The gendered relationship between illicit substance use and self-harm in university students
Bibliographic record
Abstract
PURPOSE: To estimate associations between multiple forms of substance use with self-harming thoughts and behaviours, and to test whether gender is an effect modifier of these associations, both independently and along with perceived risk of cannabis use. METHODS: Data were drawn from the 2018 Norwegian Students' Health and Wellbeing Study (SHoT 2018). A national sample of n = 50,054 full-time Norwegian students (18-35 years) pursuing higher education completed a cross-sectional student health survey, including questions on past-year self-harm: non-suicidal thoughts of self-harm, non-suicidal self-harm, suicidal thoughts, and suicide attempt. Students reported their frequency of past-year alcohol use (range: never to ≥ 4 times/ week), illicit substance consumption, and perceived risk of cannabis use. The AUDIT and CAST screening tools measured problematic alcohol and cannabis consumption, respectively. We used logistic regression modelling adjusted for age, symptoms of depression and anxiety, and financial hardship (analytic sample range: n = 48,263 to n = 48,866). RESULTS: The most frequent alcohol consumption category (≥ 4 times/ week) was nearly always associated with more than a two-fold increased likelihood of self-harm. Less frequent alcohol consumption was associated with reduced odds of suicidal thoughts [monthly or less: OR = 0.87 (95% CI: 0.75-1.00), 2-4 times/month: OR = 0.79 (95% CI: 0.69-0.91), and 2-3 times/ week: OR = 0.83 (95% CI: 0.71-0.98)]. Problematic alcohol consumption was associated with most outcomes: odds ranging from 1.09 (95% CI: 1.01-1.18) for suicidal thoughts to 1.33 (95% CI: 1.00-1.77) for suicide attempt.

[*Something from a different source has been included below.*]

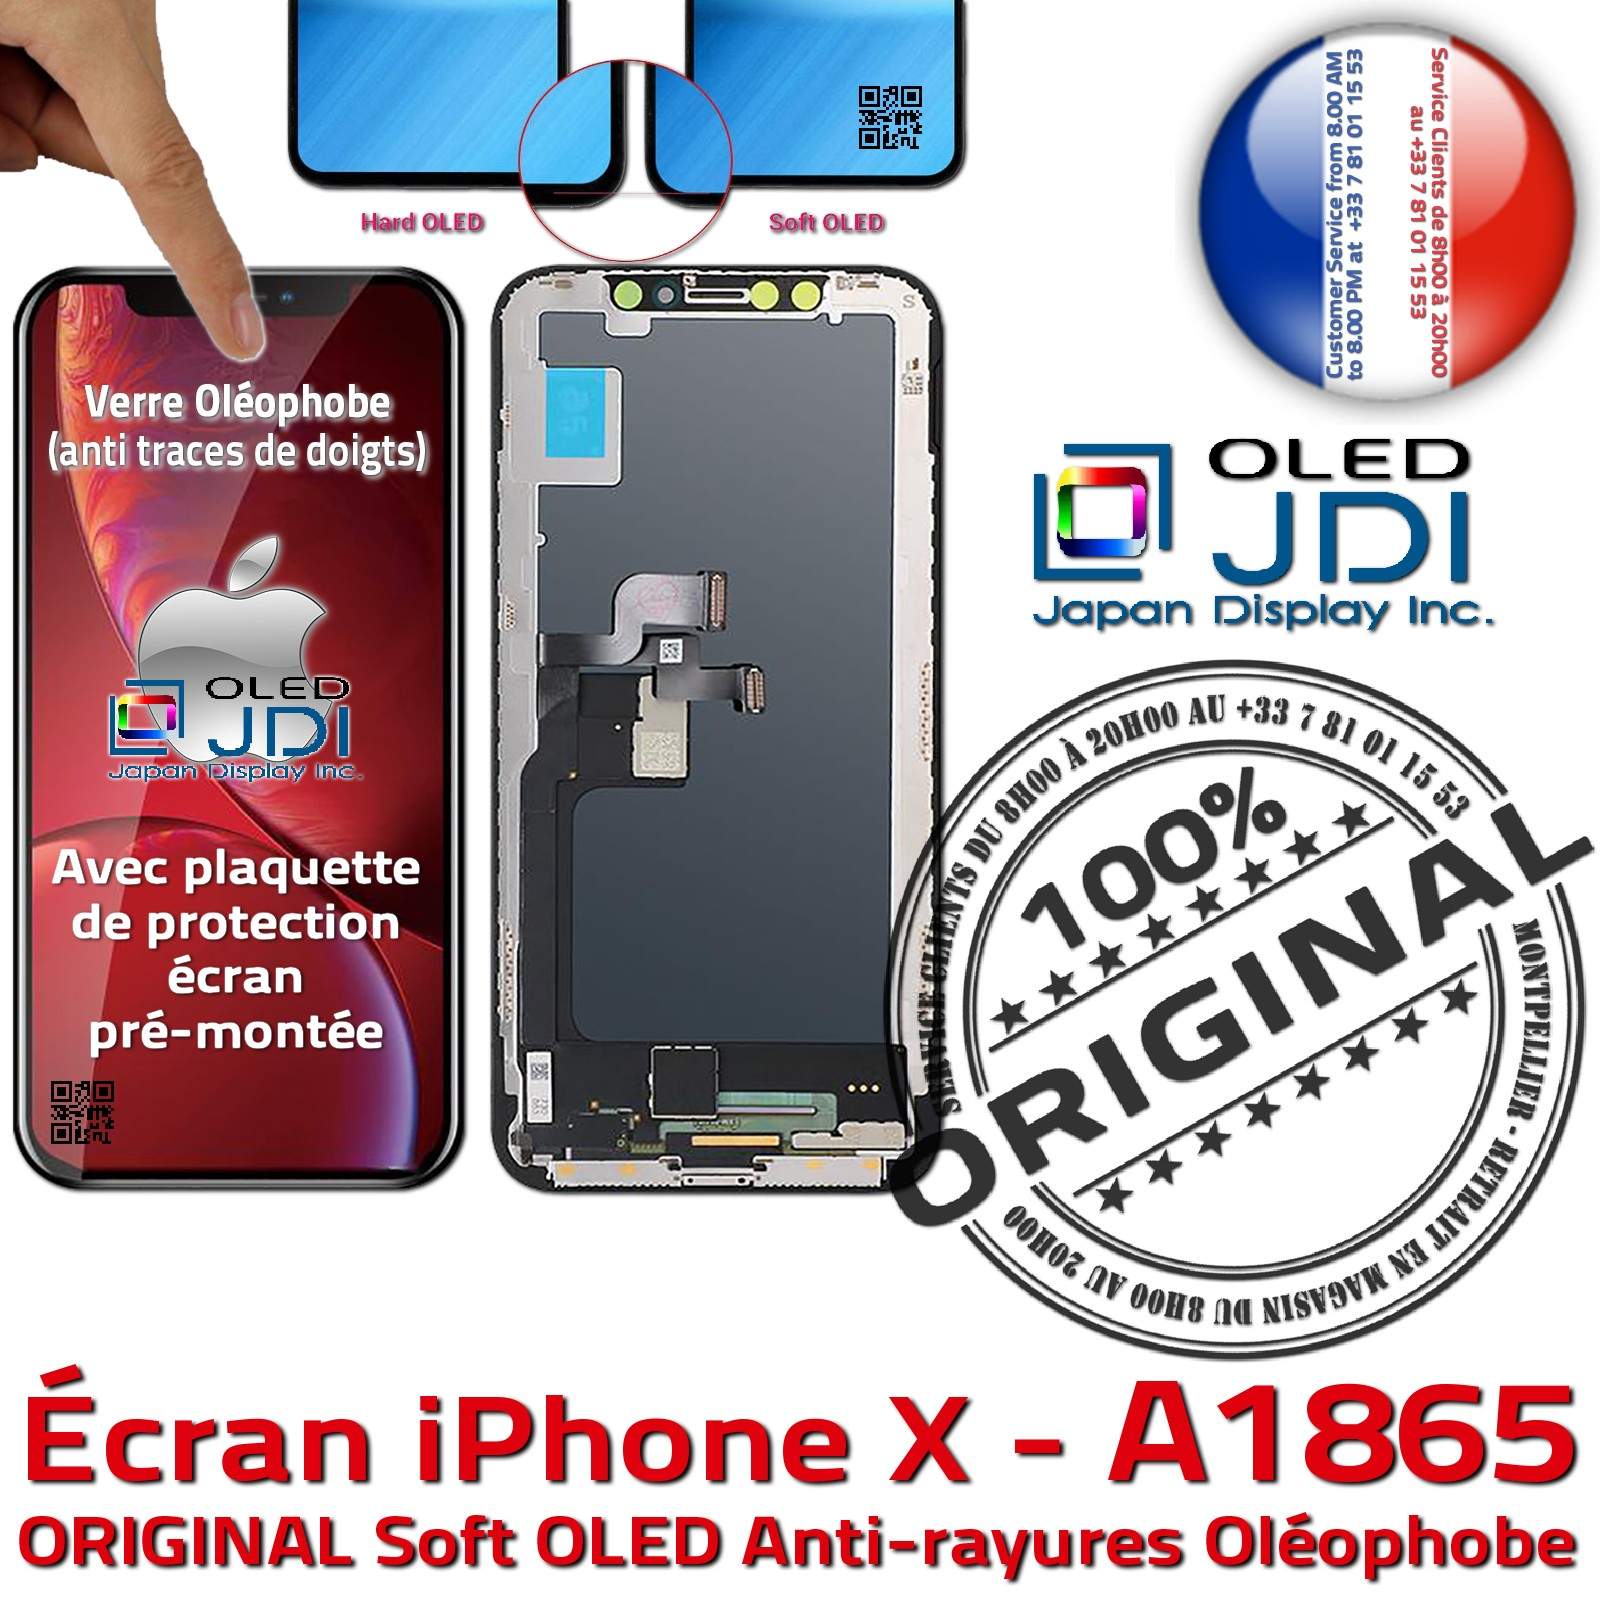 Écran Tactile iPhone X A1865 soft OLED Apple ORIGINAL Super Retina
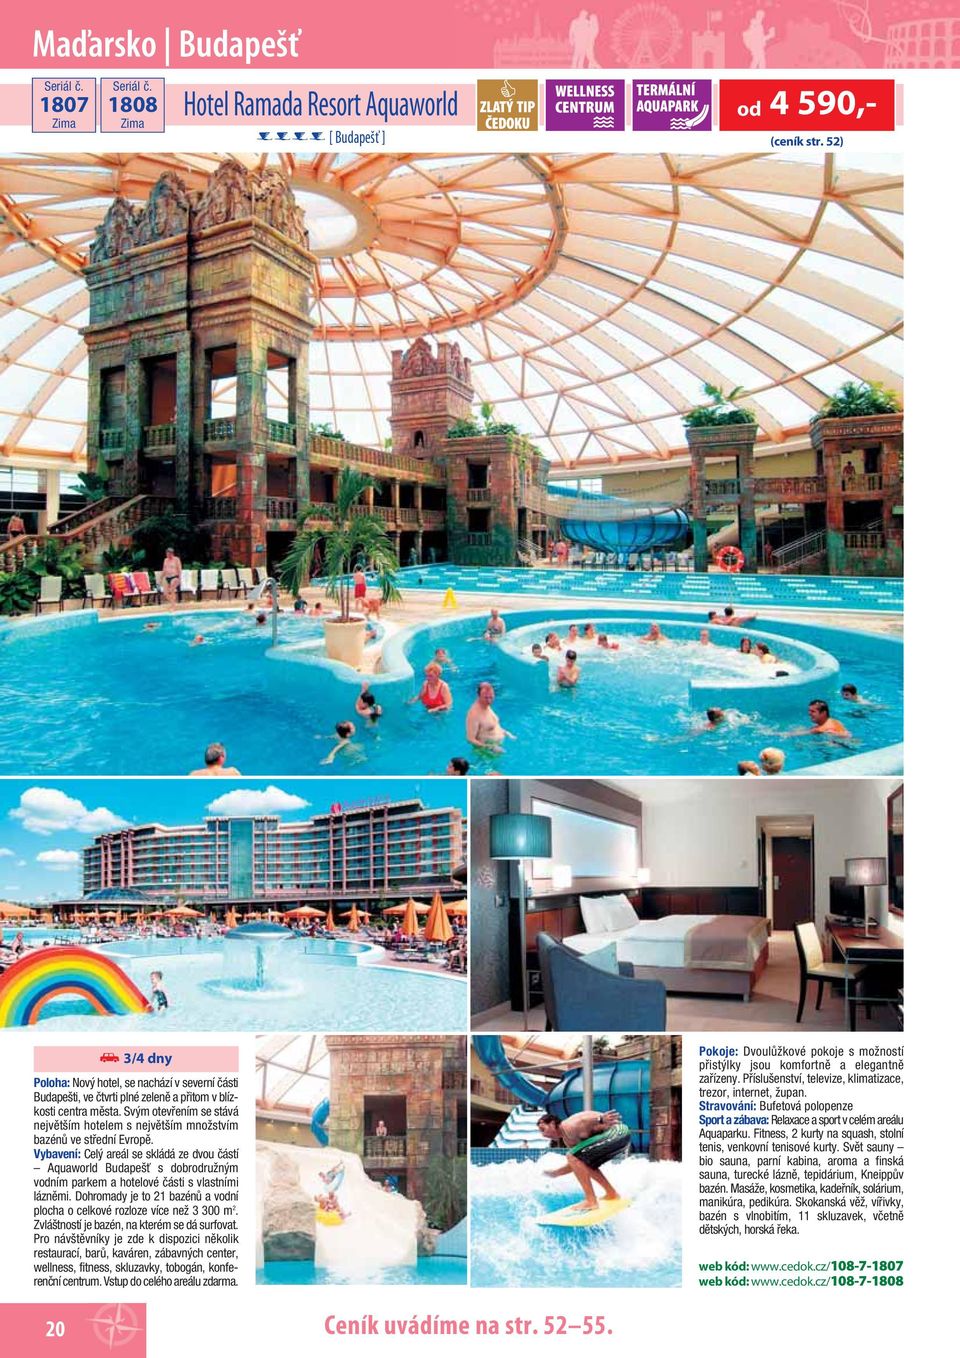 Svým otevřením se stává největším hotelem s největším množstvím bazénů ve střední Evropě.

There was evidence of multiple illicit substance by gender interactions: consumption of all but one illicit substance category (other drug use) was associated with all four forms of self-harm for women, but findings among men were less clear. Among men, only one illicit substance category (stimulant) was associated with most forms of self-harm. Women, but not men, who perceived cannabis use as a health risk were more likely to experience non-suicidal thoughts as cannabis consumption increased, and with harmful consumption patterns. CONCLUSION: Frequent alcohol consumption is associated with increased risk of self-harm and suicidality for young women and men. Associations between illicit substance use and self-harm and suicidality appear stronger in women compared to men.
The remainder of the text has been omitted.